岩は痩せたリッジが続き高度感もあるが難しい所でも3級程度で、ショルダー右に比べると易しい。
今回は風が強くて飛ばされそうでしたが、登攀中は3日間で唯一の好展望を楽しめました。

【ヒヤリハット報告】事故未遂
リードで岩場のトラバース中に滑落し7~10m落ちてしまいました。
ランナウトは3m程度でしたが、50mほとんど一杯延ばしていた為、墜落距離が伸びました。

怪我:なし
状況:大きなピナクルがありピッチを切れる場所であったが、急傾斜かつ強風の通り道でピッチを切るには不快と判断。
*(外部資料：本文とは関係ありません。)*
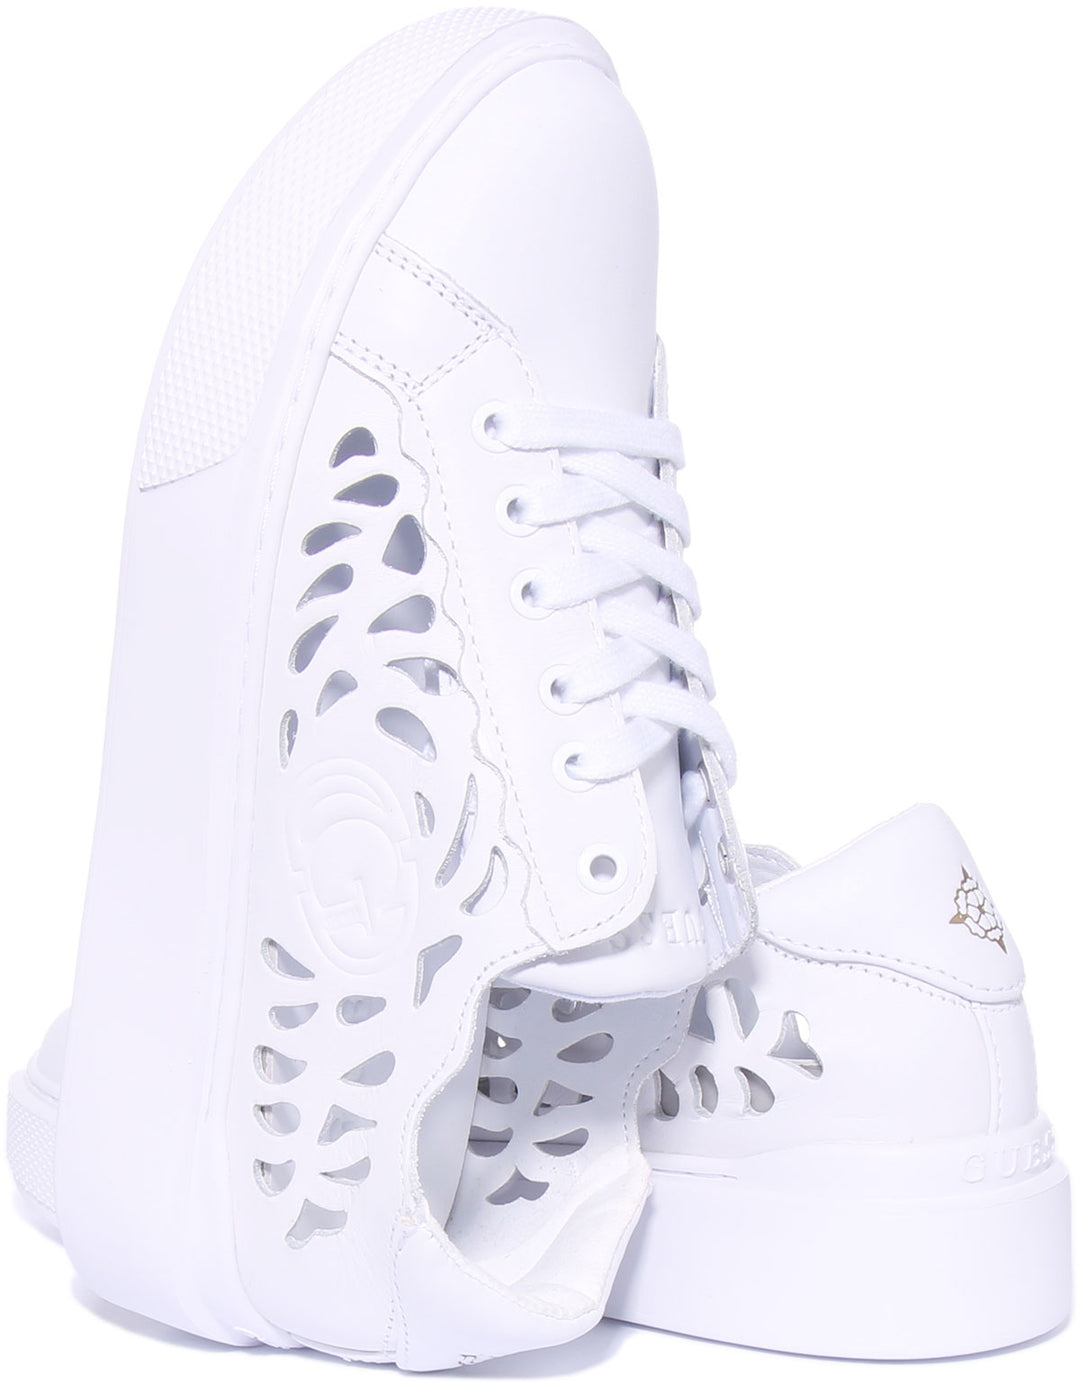 Guess Pepzi Lazer Cut Trainer In White For Women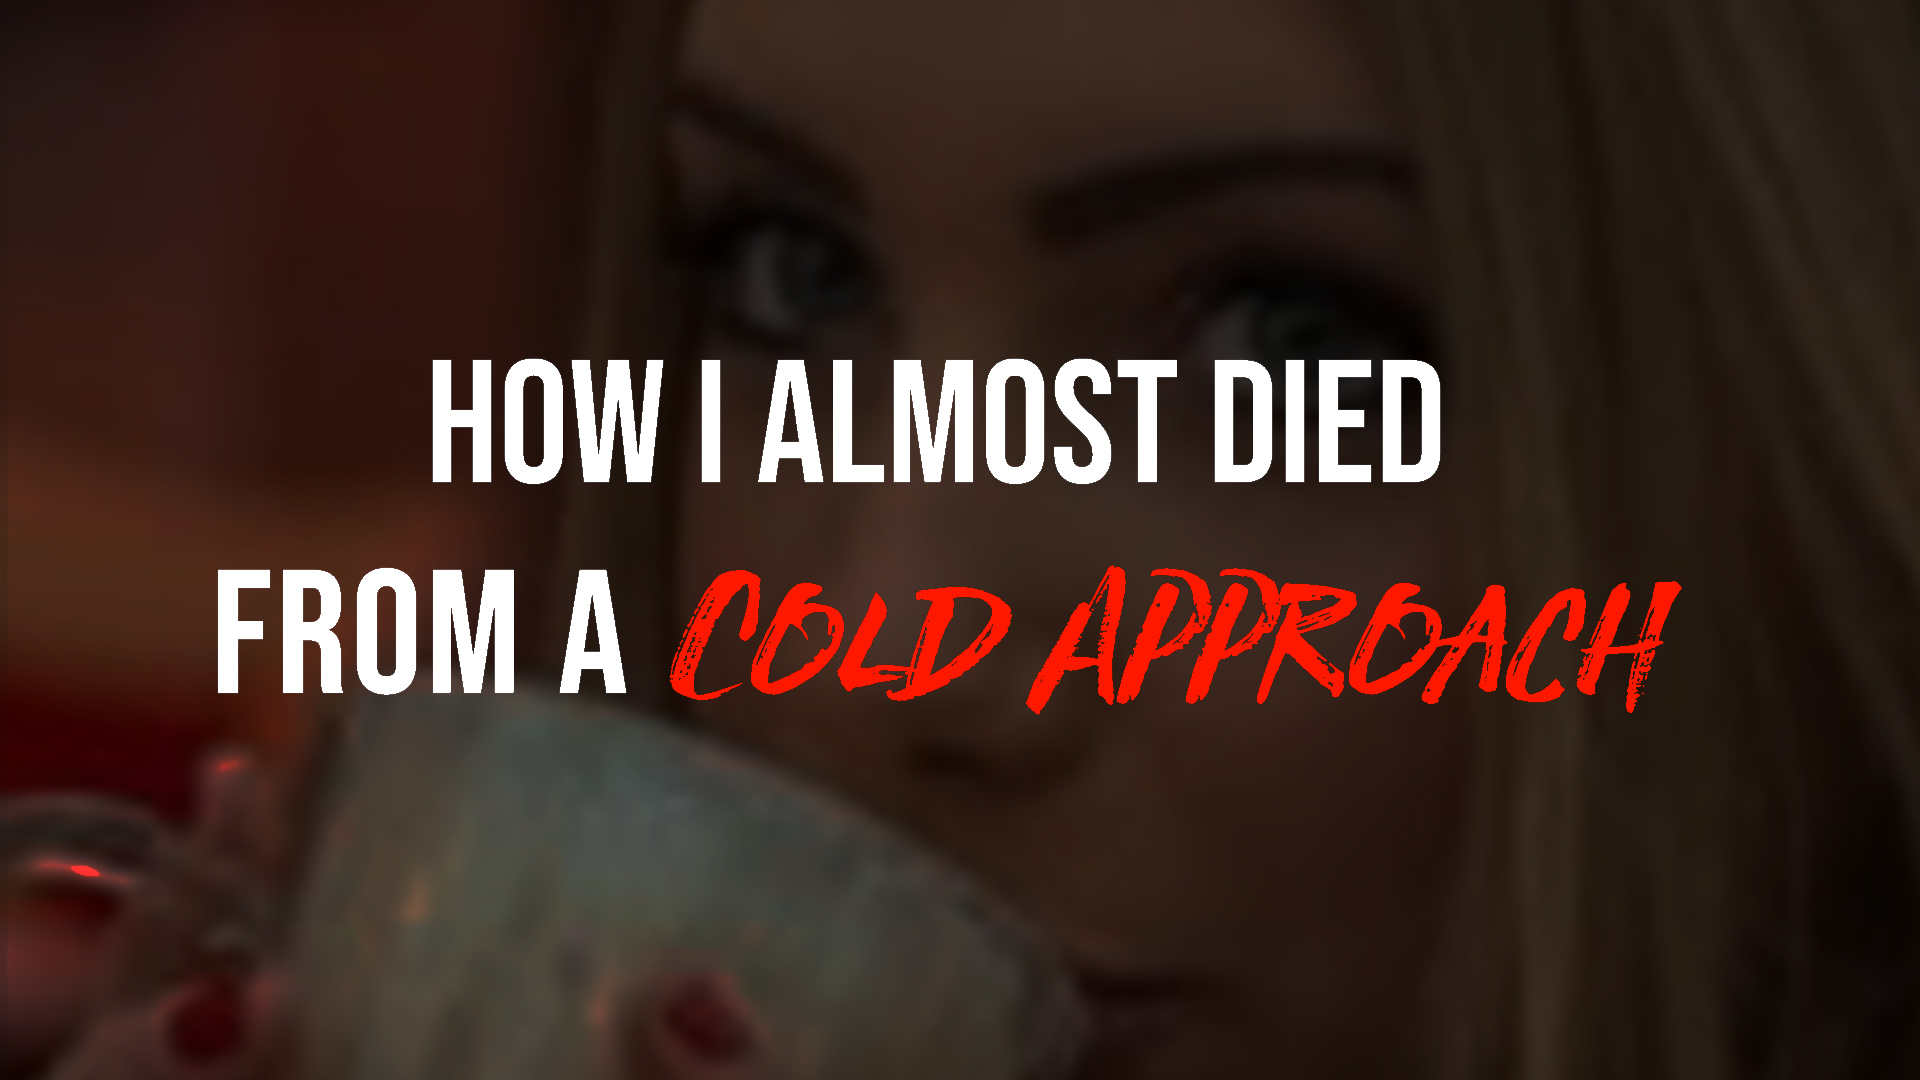 10 Years Ago I Almost Died From A Cold Approach

先を見ようとトラバースした際に滑落。
シュリンゲが残り少なかった為、そのピナクルにはランナーをとらなかった。
原因:雪の斜面に薄く雪が載っただけのスラブが隠れていた。一歩前までは雪が安定しており不安なく歩けたので油断した。

足から落ちたので恐怖はありませんでしたが、最後にアイゼンが岩に引っかかったのか体が反転し、頭が下になりました。
止まった時に、右足の靴が抜けそうな状態になっており、むしろその事の方がヤバイと思い、
腰を掛けられる小テラスまで数歩の登り返しは、靴を落とさないように細心の注意を払いました。
ビレイヤーは以前在籍していた会で充分に山行を共にしていた方ですので、全く不安はありませんでした。

まとめ:足元の雪の状態、雪の下の条件は目に見えないので、トラバースの際は一歩ずつ確かめる事。またランナーをとる事。